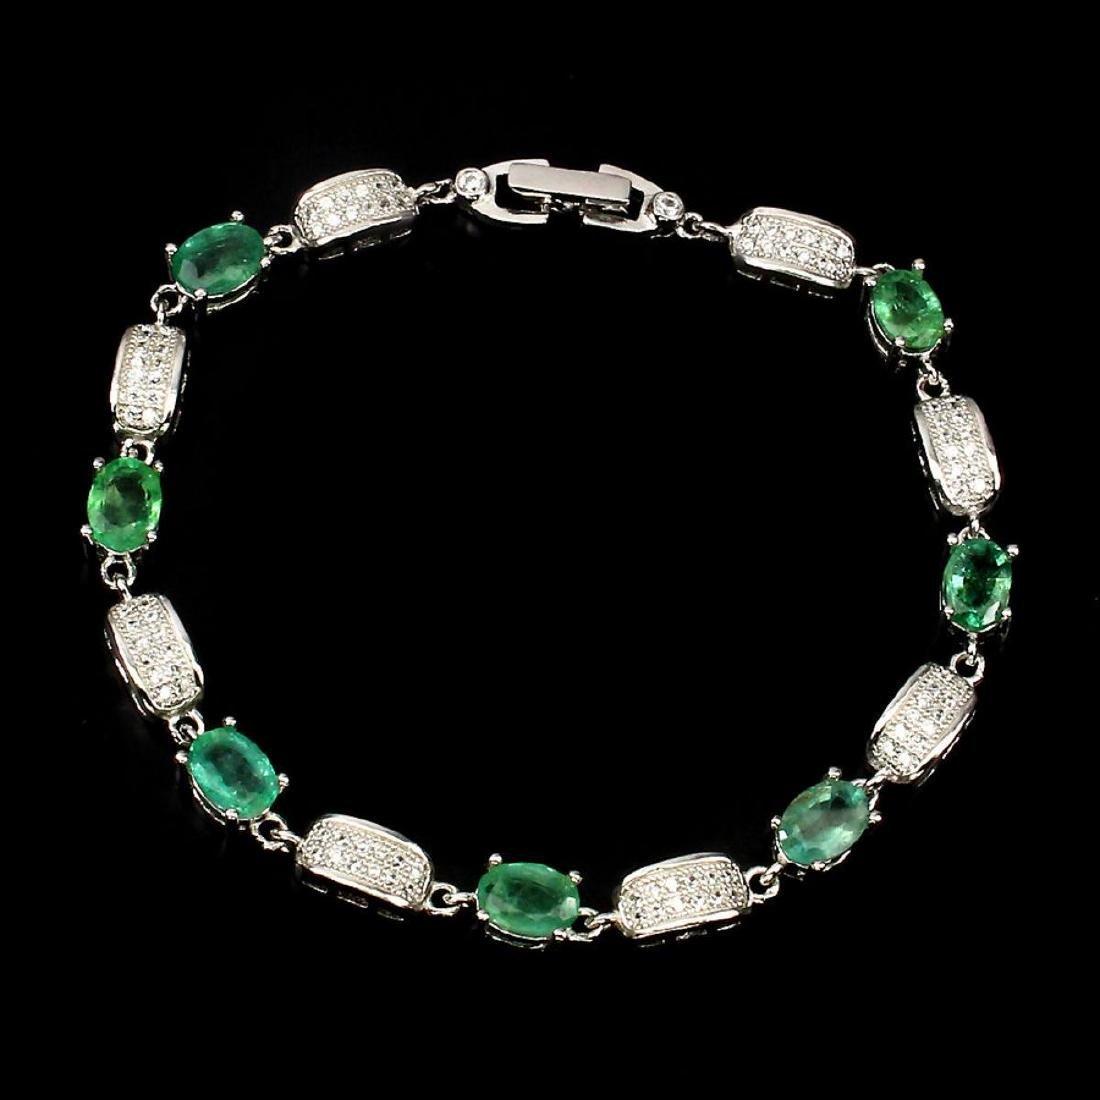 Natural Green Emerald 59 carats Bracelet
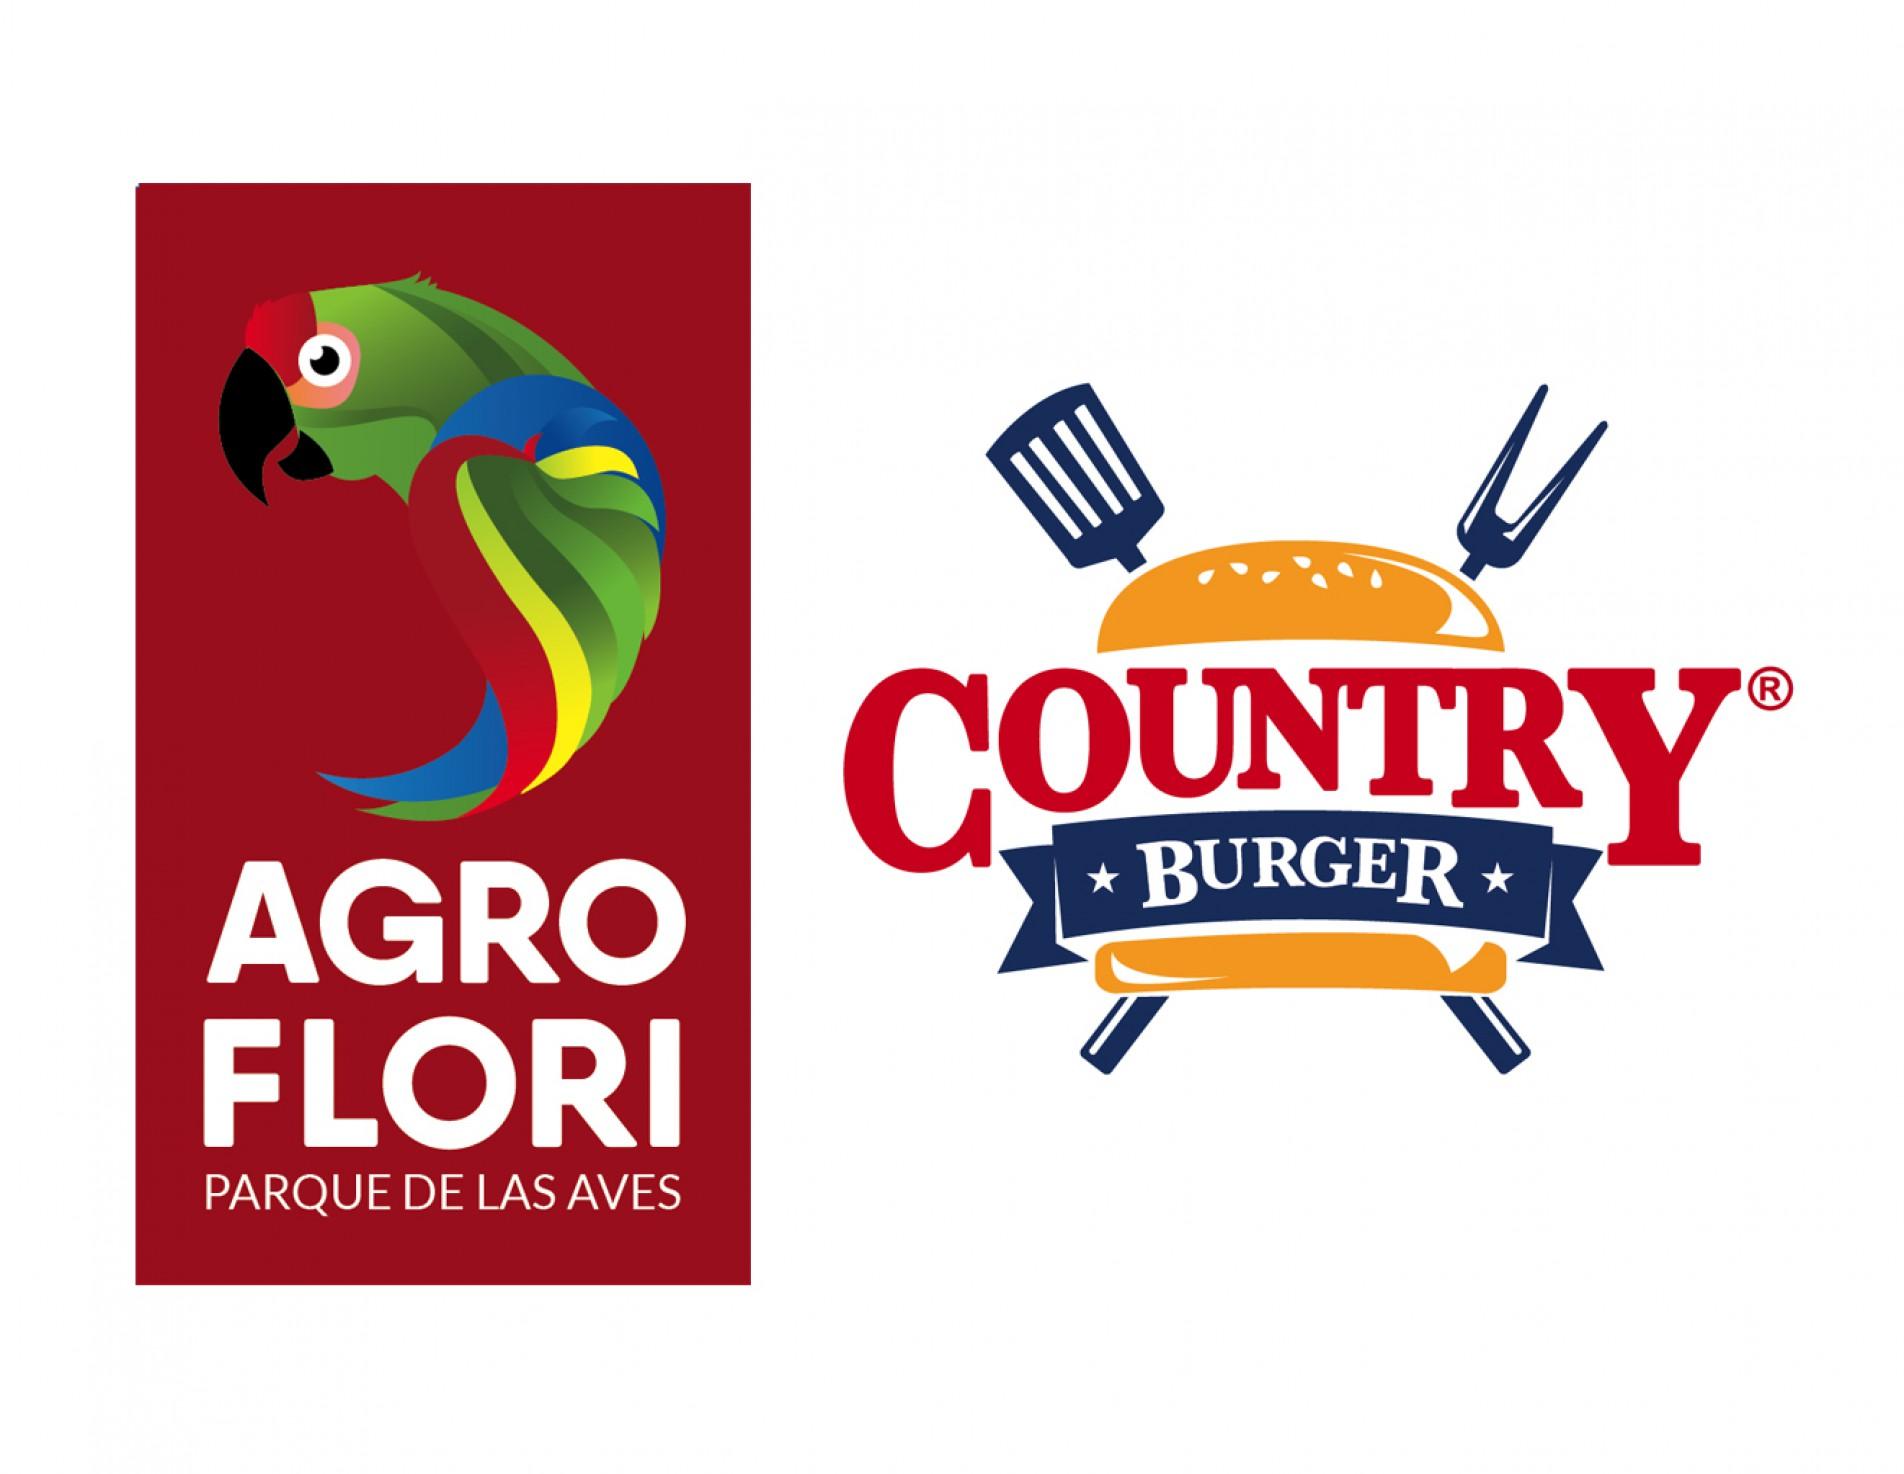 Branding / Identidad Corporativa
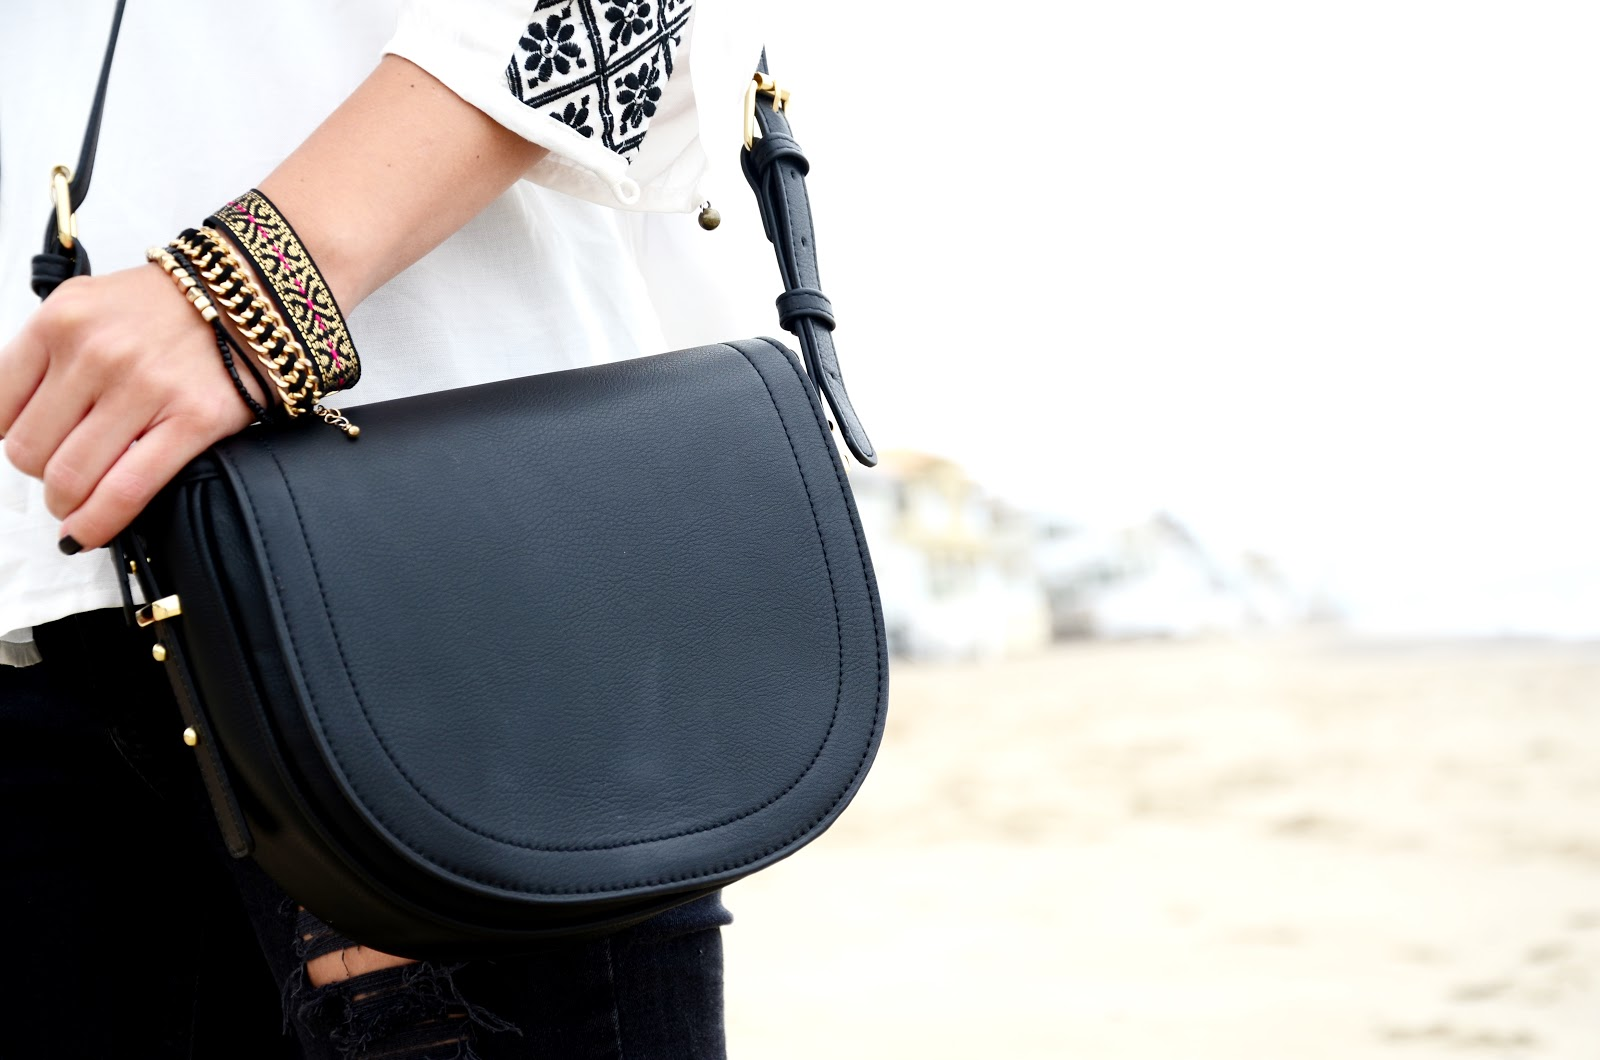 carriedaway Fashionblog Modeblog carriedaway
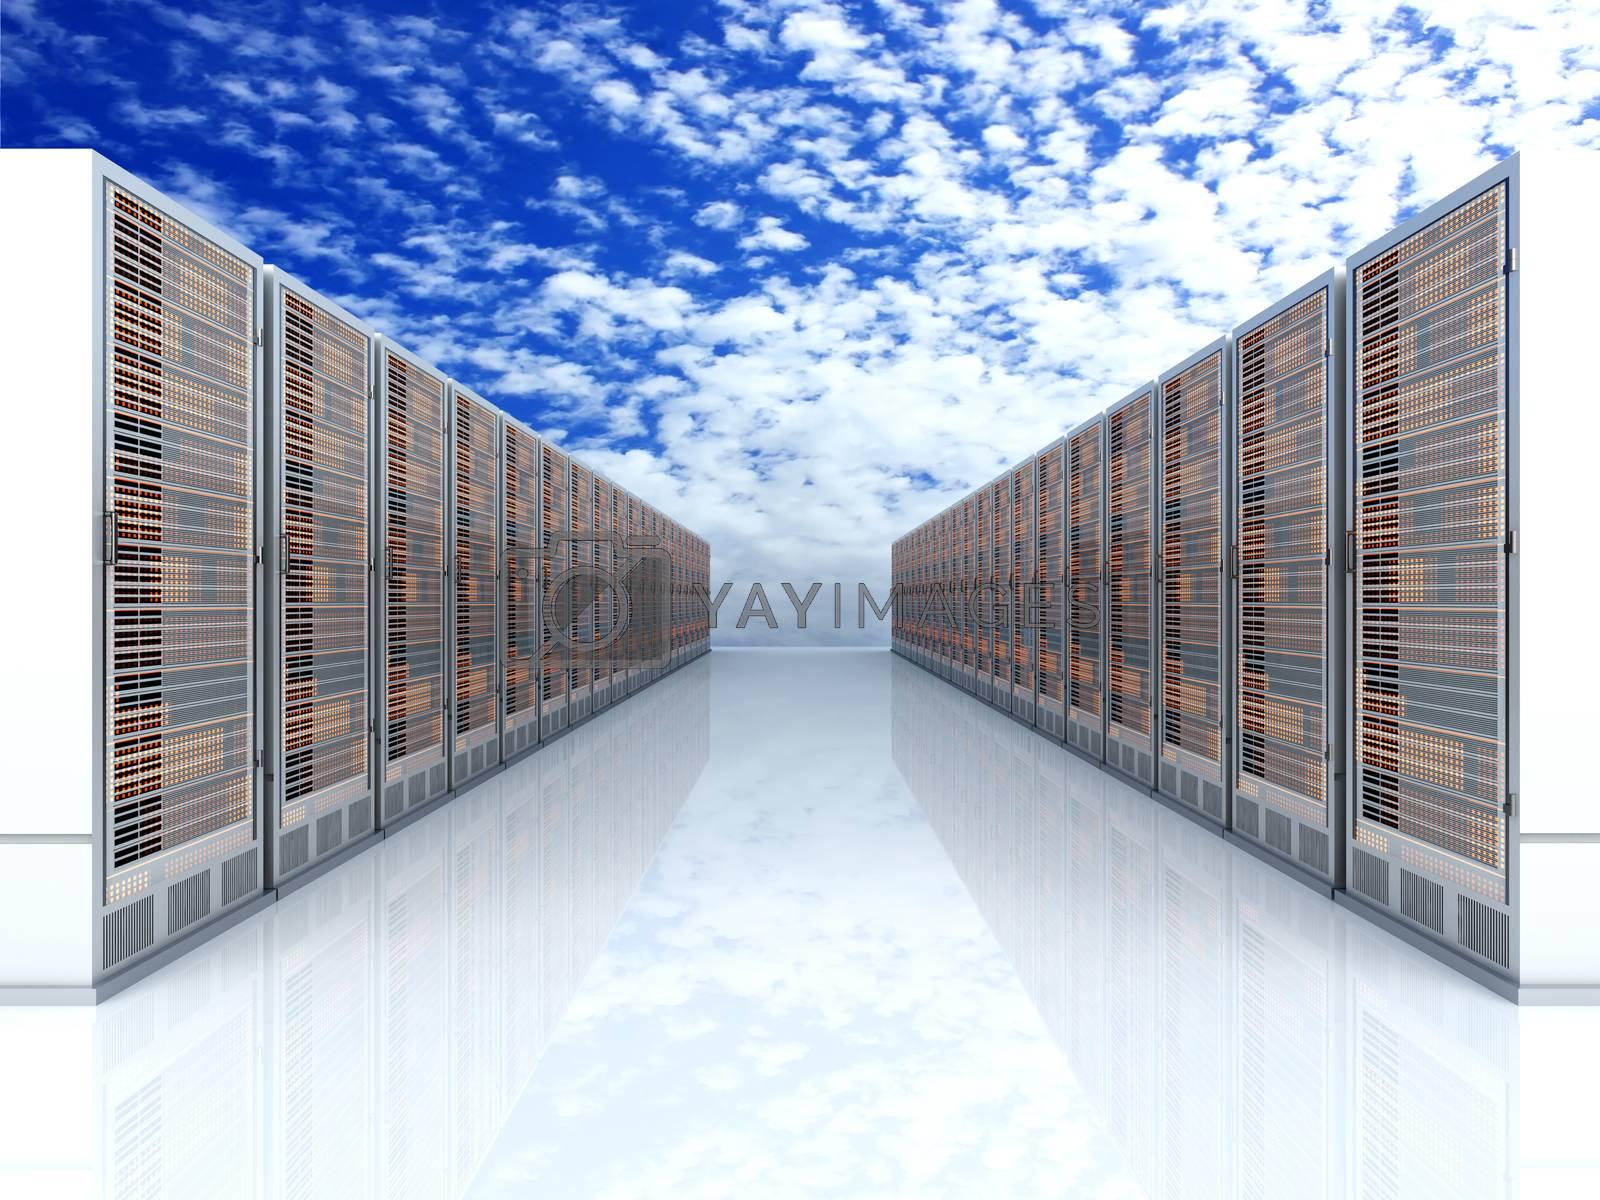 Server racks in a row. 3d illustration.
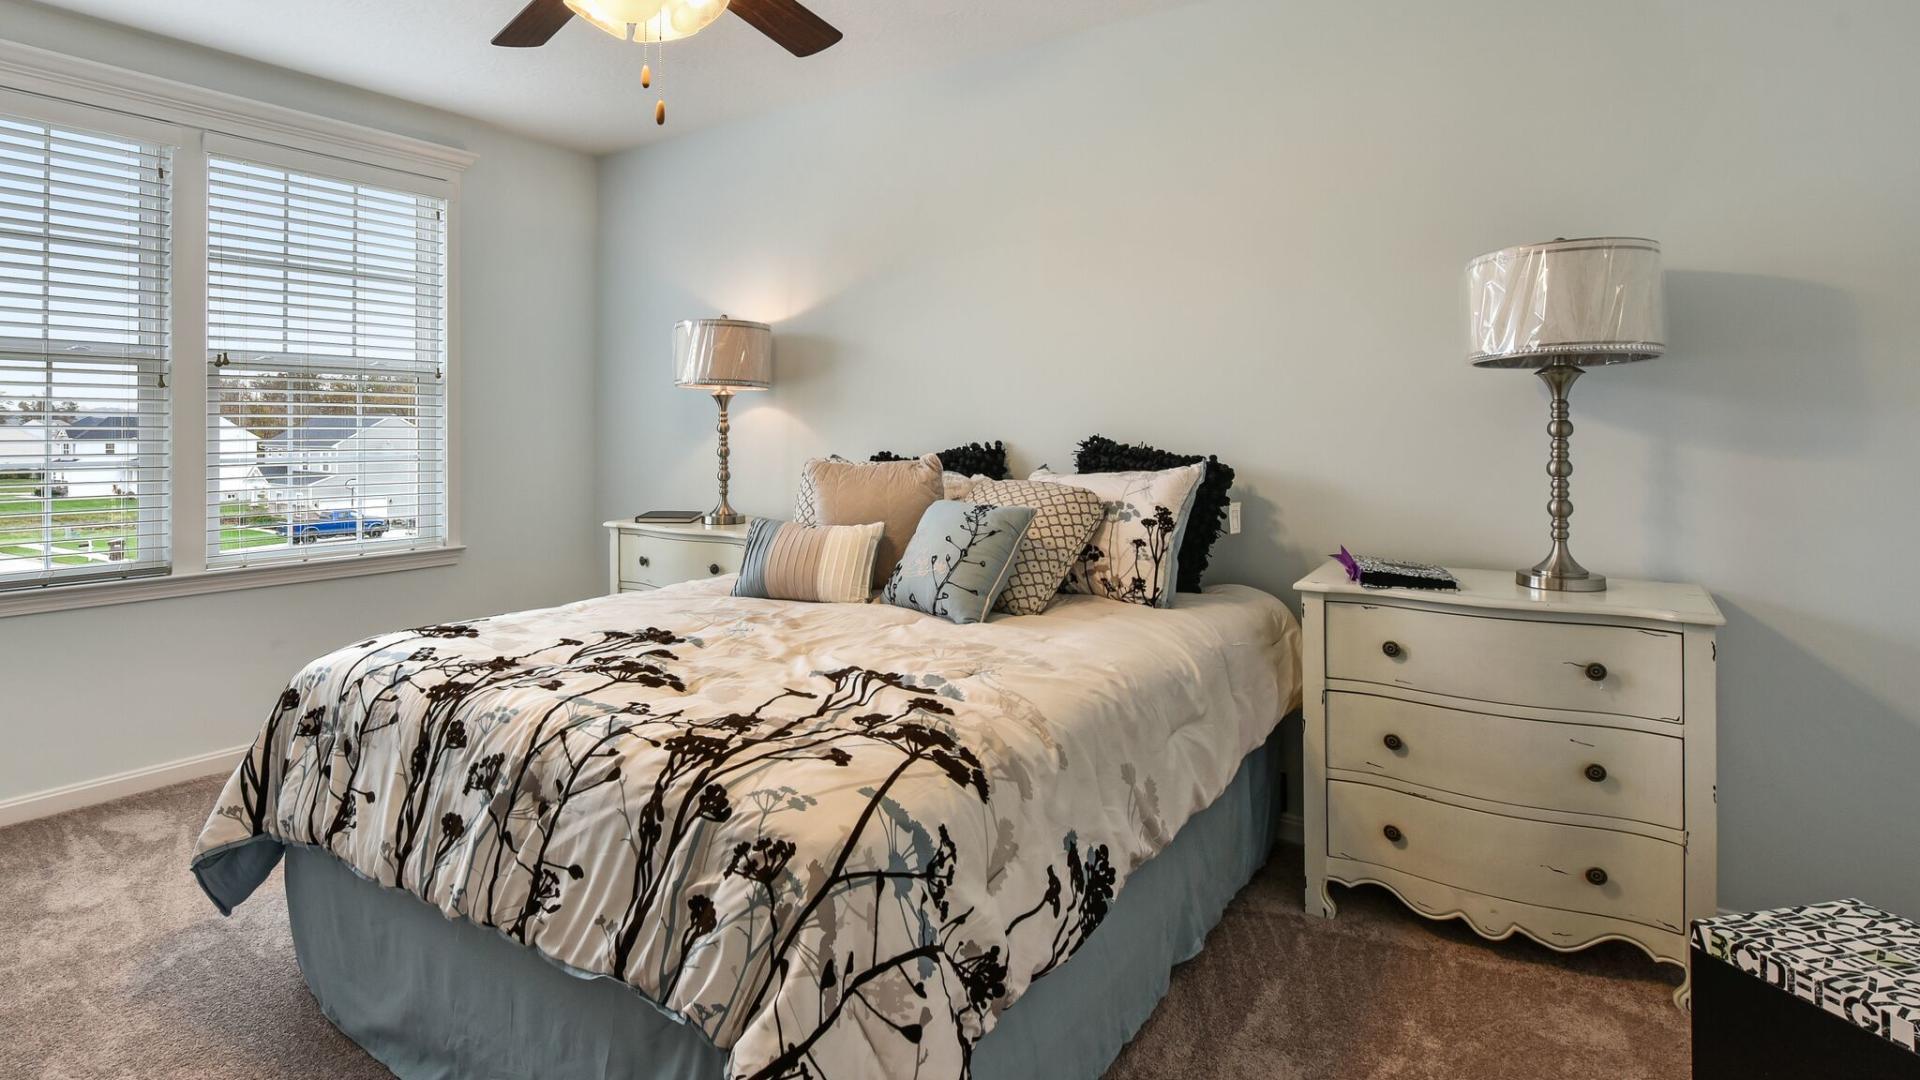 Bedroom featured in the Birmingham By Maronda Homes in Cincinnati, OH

☆ ☆ ☆

### TASK BRIEF
When you transcribe these entries, keep every word exact and drop the pictures.

### REPLY TO THE EXERCISE
 Natural Green Emerald 59 carats Bracelet
 Branding / Identidad Corporativa
 carriedaway Fashionblog Modeblog carriedaway
 Server racks in a row. 3d illustration.
 Bedroom featured in the Birmingham By Maronda Homes in Cincinnati, OH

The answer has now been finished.